“Vista bela é morar nas águas e visitar a terra”. Não estou no porto a ver navios, pois sou homem do mar e a experiência me fez atracar no vai e vem de cais em cais. Trabalho além porto há tempos e tempo ruim não me mete medo, mas sim inunda-me de aprendizado: Não há mar revolto que uma hora não se amanse.

Meu nome é José Porto, mas todos me conhecem como Zé Pescador. Minha família é toda do pescado há quatro gerações e fui o único a me especializar e até tirar carteira profissional na Marinha do Brasil. Um orgulho para meu avô já aposentado, José Bonleme, conhecido por Seu Zé do Farol. E é da Praia do Farol de São Tomé que nossos barcos partem ao azul profundo.

Tempestades, sol forte, longas semanas distante da costa são comuns em minha profissão, mas a tormenta que enfrentaríamos desta vez não era esperada por ninguém.

A nau foi rebocada por um trator fretado antes dos primeiros raios de sol. A tripulação contratada embarcou entusiasmada com a longa viagem, pois a maioria trabalhava normalmente próximo ao litoral com a pesca de camarão. Segui ao meu posto de costume e preparei as cordas e velas.

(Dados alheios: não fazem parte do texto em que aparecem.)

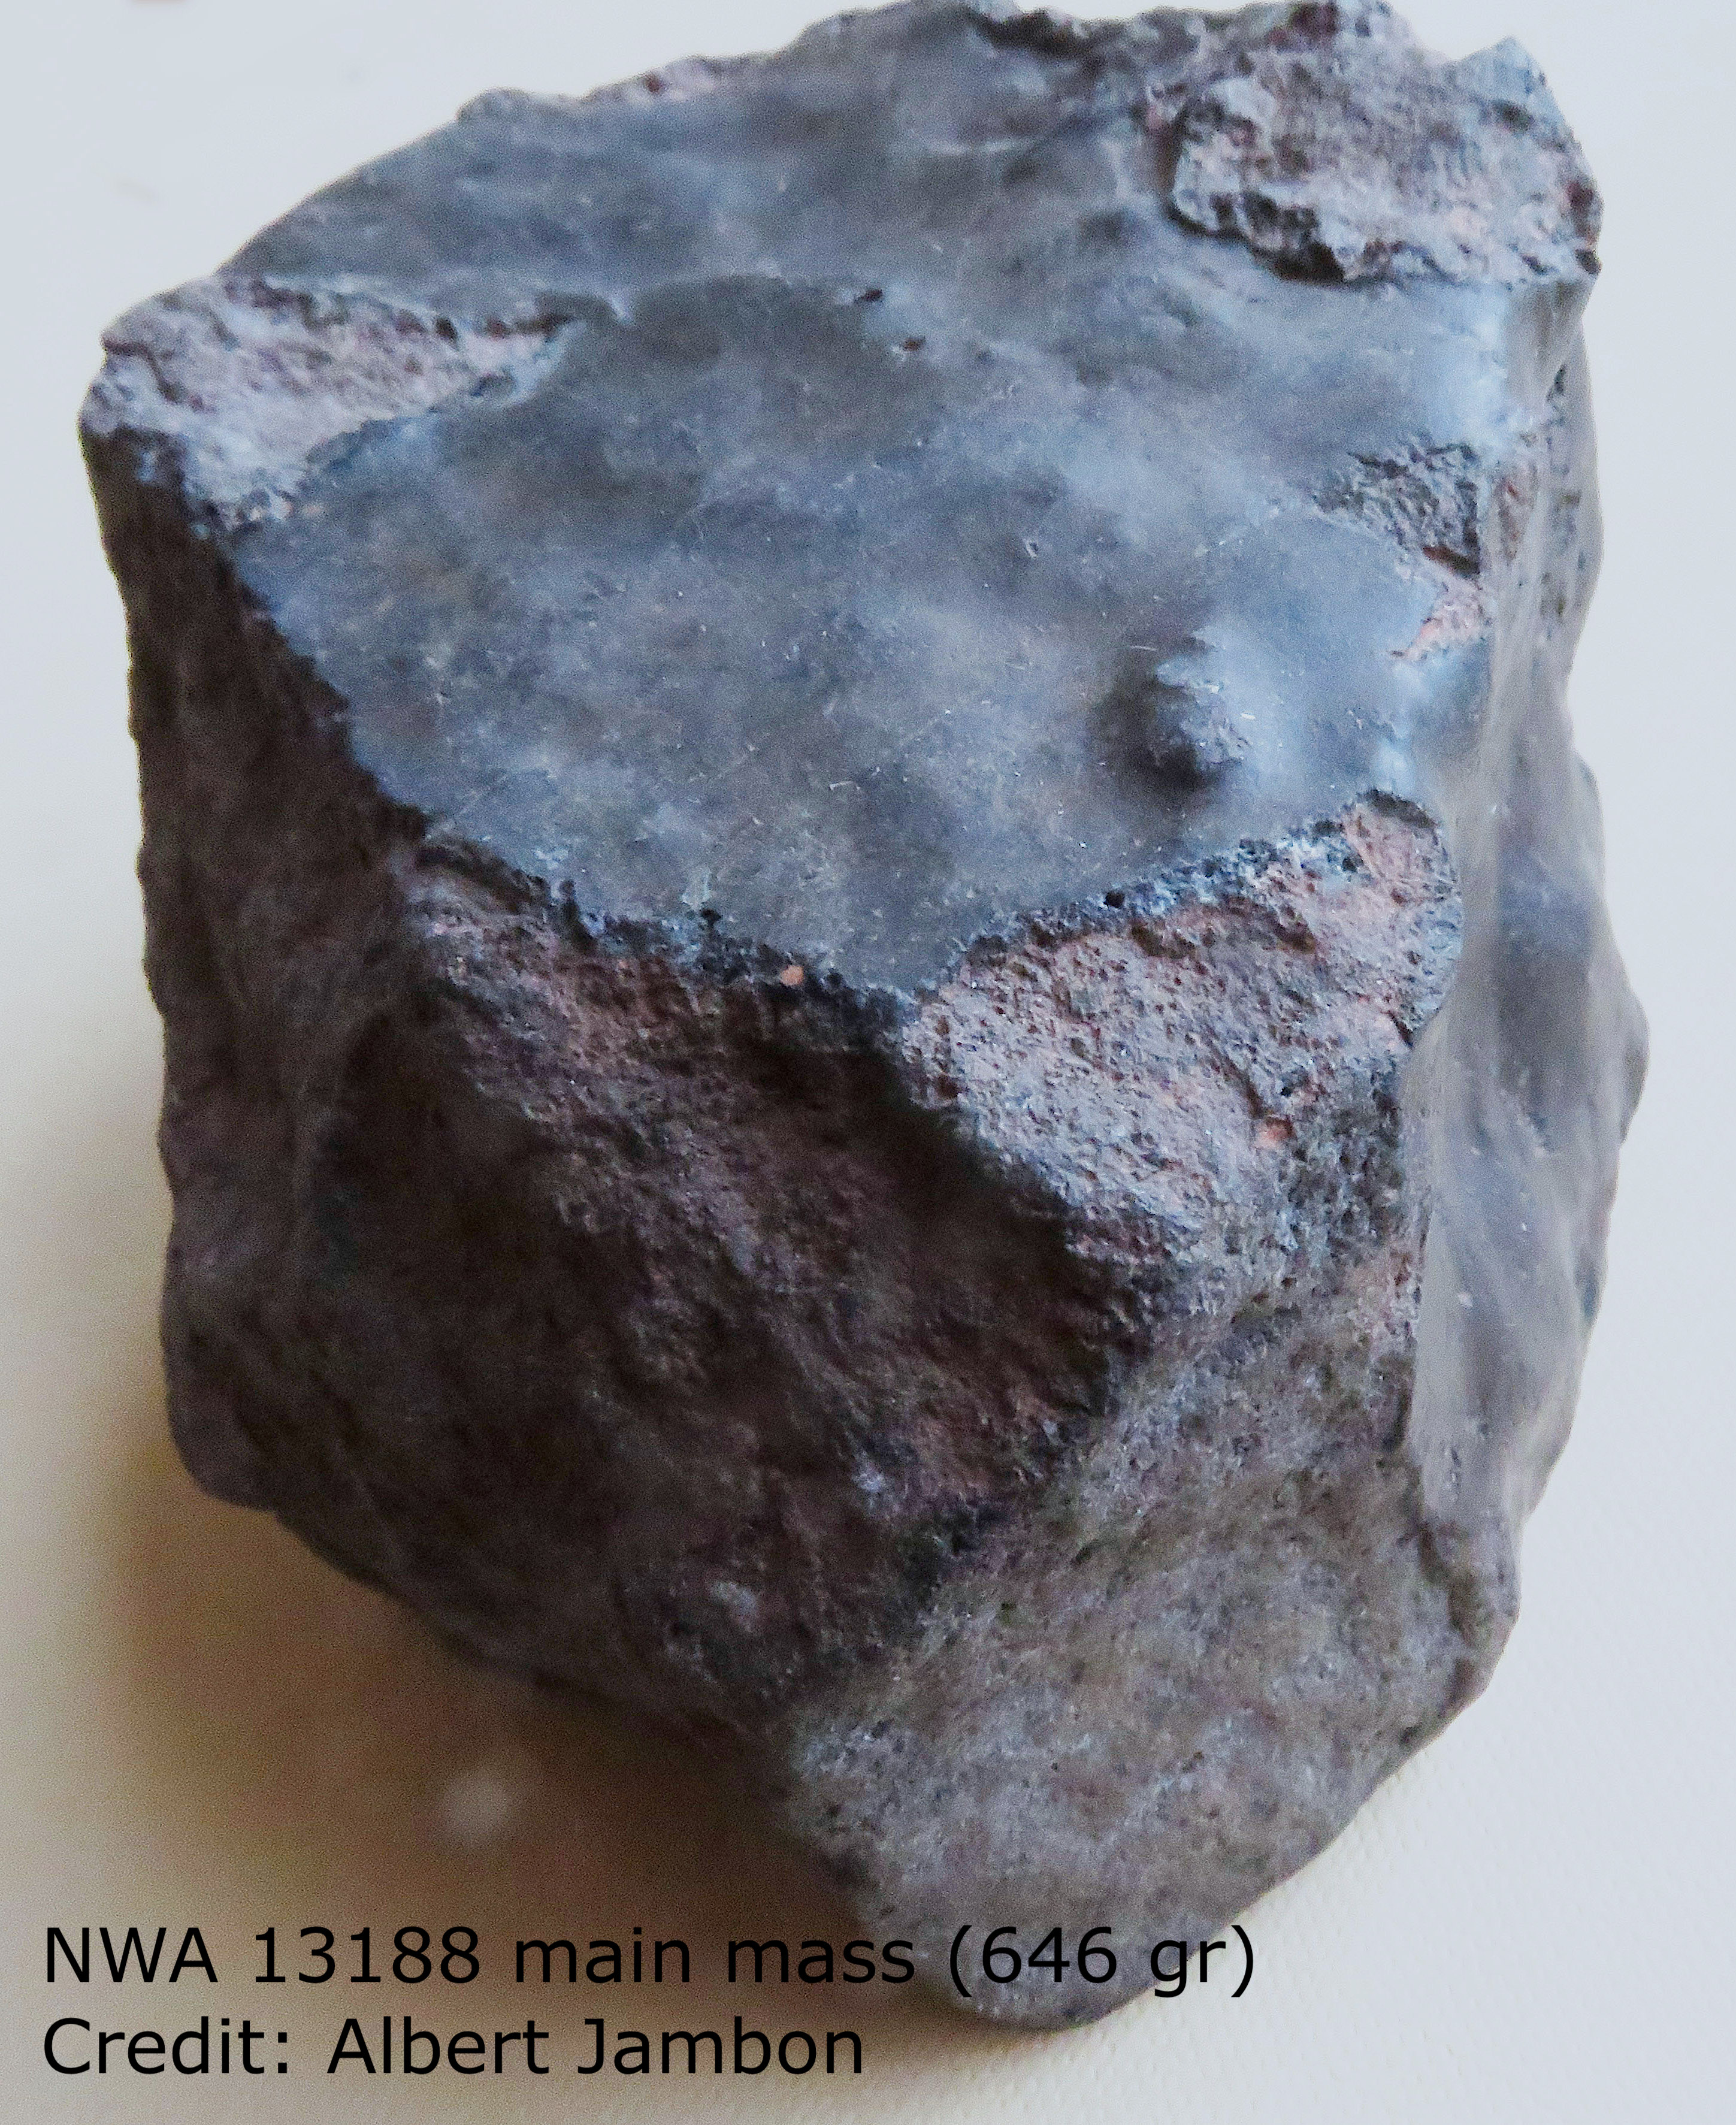 Pełny obraz kosmicznej skały jest pokazany w tytule.

Sentia-me já enjoado em terra firme por saudades do oceano e “barco parado não faz viagem”, como dizia papai.

– Zé, repara no horizonte! – gritou o capitão apontando na direção que seguiríamos.

– Parece que não teremos problemas até amanhã. – eu disse confiante na experiência.

O Capitão balançou a cabeça satisfeito com a concordância e seguiu ao leme. Apesar de alguns jovens marujos na equipe, todos eram safos. Sabiam bem o que fazer. O mar estava muito calmo quando saímos, mas do que o de costume e todos sabemos que depois da bonança vem a tempestade. Observei as aves marinhas na praia e era um sinal. Elas pareciam sentir momentos antes as mudanças climáticas e fugiam ao litoral.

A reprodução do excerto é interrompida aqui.